Swiss Banks and You: An IRS Amnesty Ends Soon PDF Print E-mail
Written by Pat Norton and Fergus Hodgson   
Monday, 31 August 2009 00:00

The rules of Swiss banking have taken a sharp turn toward more transparency and less secrecy. Swiss bank accounts are suddenly a lot less private than they were a year ago.

Is this a good thing or a bad thing? It depends on whether you have assets in a Swiss bank for which you sought privacy for legal, tax, or other reasons. From the point of view of the I.R.S., recent developments amount to a giant step toward monitoring offshore accounts and enforcing current tax laws.

The backdrop is that the world has an estimated $7 trillion dollars in offshore bank accounts. Of this, perhaps 27 percent (about $2 trillion) resides in Swiss banks. The rest is thought to be in such tax havens as Hong Kong, Luxembourg, and the Cayman Islands. In any case, some Swiss banks and advisers are said to have arranged to hide American-owned accounts by way of third-country sites, including Panama and Singapore.

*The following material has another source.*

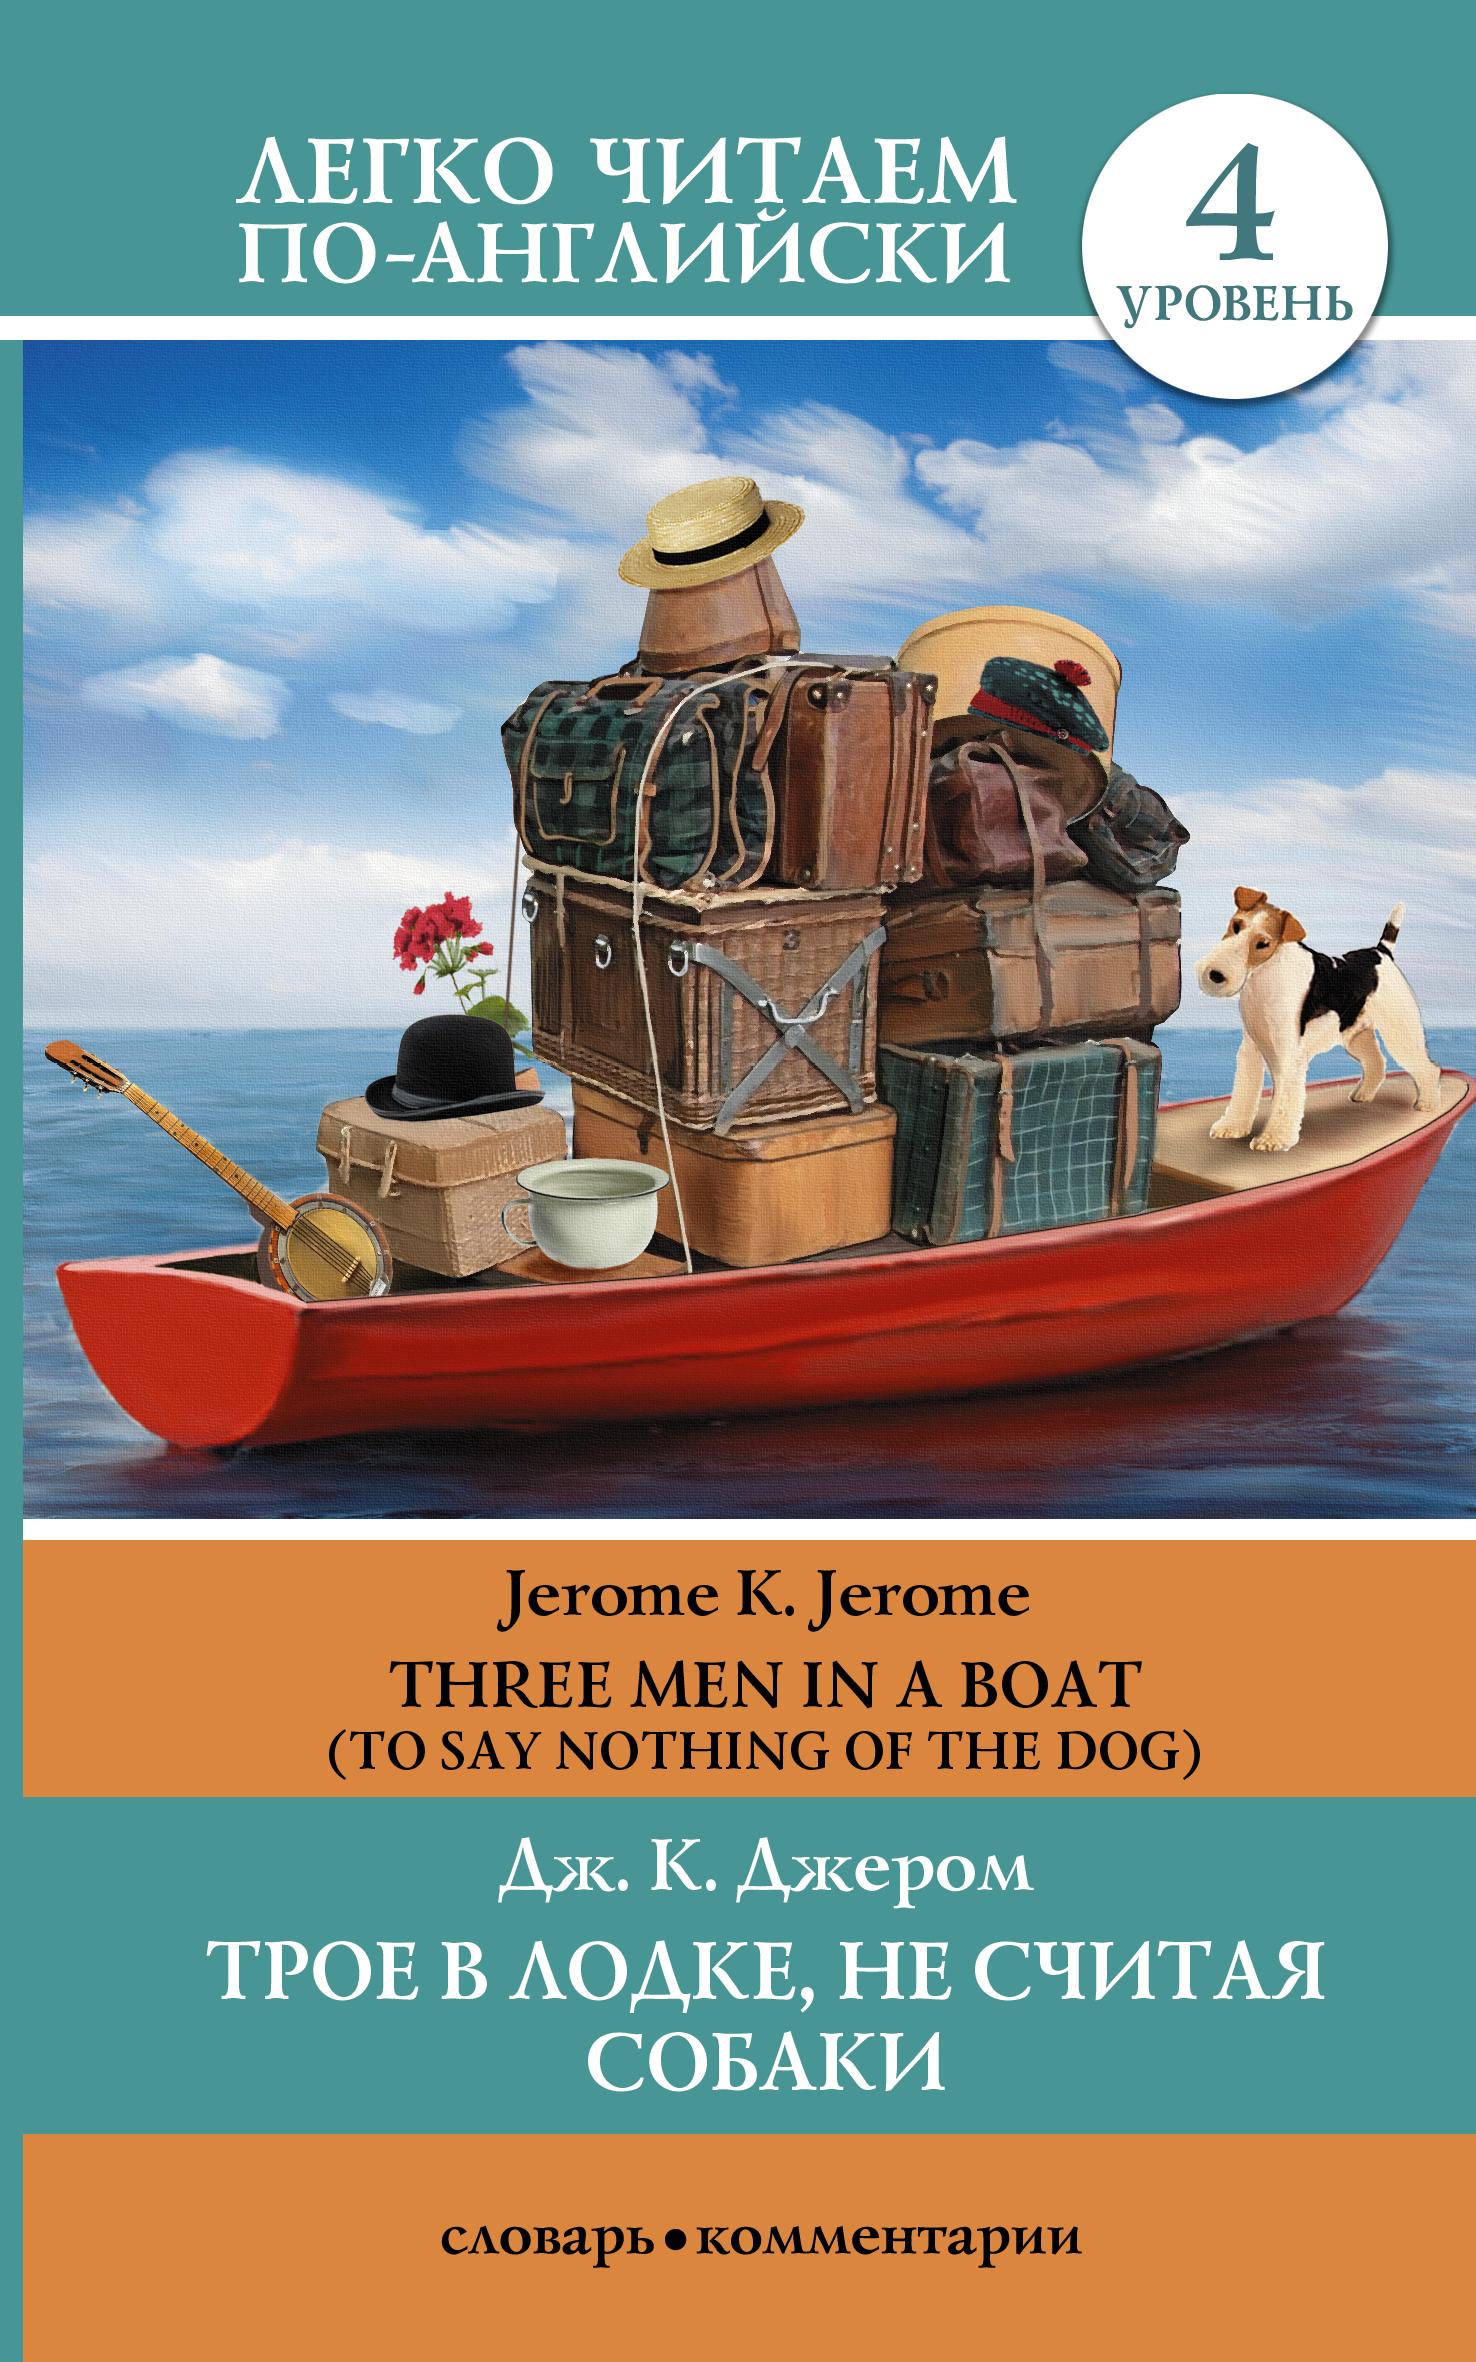 Джером К.Д. Трое в лодке, не считая собаки. Уровень4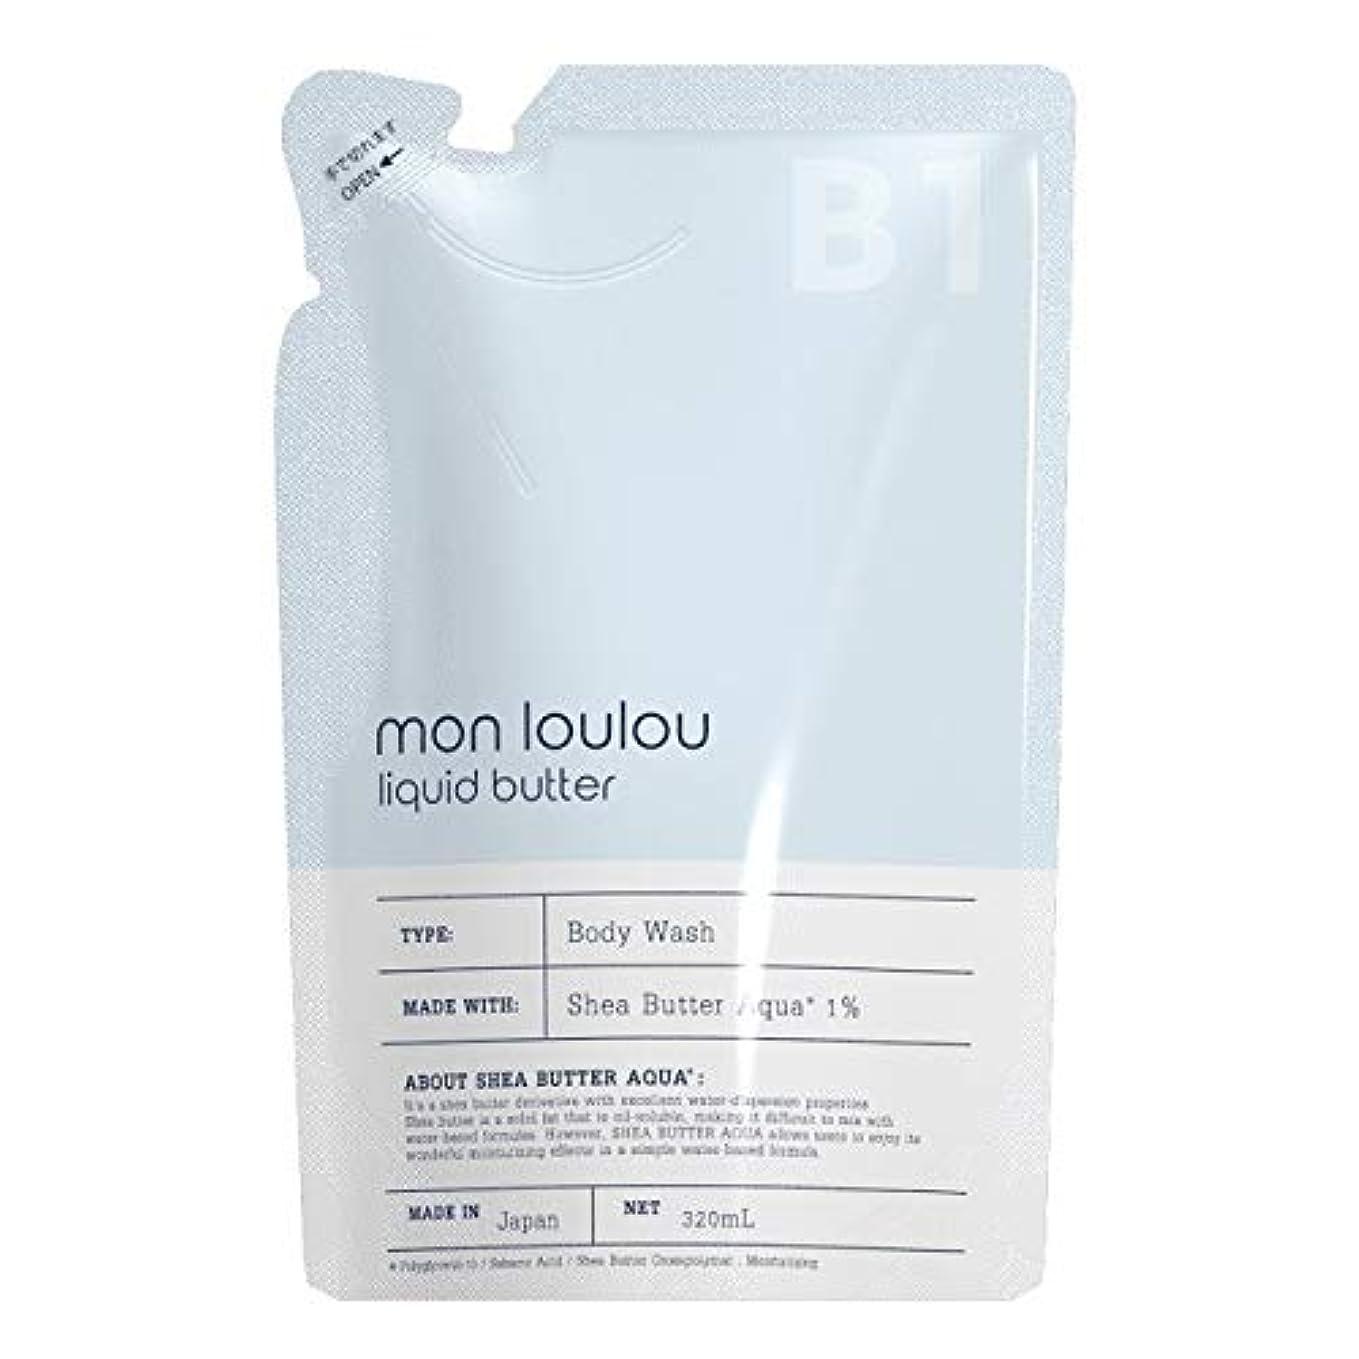 スイングロードブロッキングはっきりしないモンルル1% ボディウォッシュ 詰替 320mL

Switzerland is the bellwether offshore bank location for privacy. Its reputation goes back at least to 1934, when the Swiss government imposed secrecy on accounts owned by foreigners in Switzerland as a way of resisting Nazi attempts to keep track of German holdings in other countries.

In this decade, Swiss banks have come under rising pressure by foreign governments to open their books. Since 2001, for example, the U.S. has sought to collect taxes on American accounts held offshore by means of the Qualified Intermediary (QI) program. Some 95 percent of Swiss banks now participate,  all but the smallest local banks. Until now, this has allowed Swiss banks to pay taxes to the I.R.S. without revealing the identities of the American account holders—in other words, an honor system.

But this year a series of convulsions centering on UBS (formerly the Union Bank of Switzerland, the country’s largest) have precipitated drastic changes in the privacy rules. A few years ago a disillusioned whistle-blower from Boston (code name: Tarantula) employed by UBS in Switzerland alerted U.S. officials to the bank’s recruiting missions. Teams of UBS advisers, for example, made over 200 visits to the U.S. in 2004, pitching the advantages of Swiss secrecy to high-income Americans. Such inside information led the U.S. to file charges against UBS for fomenting tax evasion.

In February, UBS  paid a $780 million fine to the U.S. and fired key managers and admitted wrong-doing. (By contrast, the usual practice finds companies paying fines but admitting nothing.) Various American advisers, who helped recruit and set up new UBS accounts, have now been indicted for tax fraud.

On August 19, UBS went further, pledging to reveal the names on 4,450 of its largest U.S. accounts, which average about $4 million each. The procedure may prove indirect and slow, taking perhaps a year to reach its fruition. But the bridge has been crossed—at least by UBS.  Whether other Swiss banks will follow suit and reveal account owners’ names to the I.R.S. remains to be seen.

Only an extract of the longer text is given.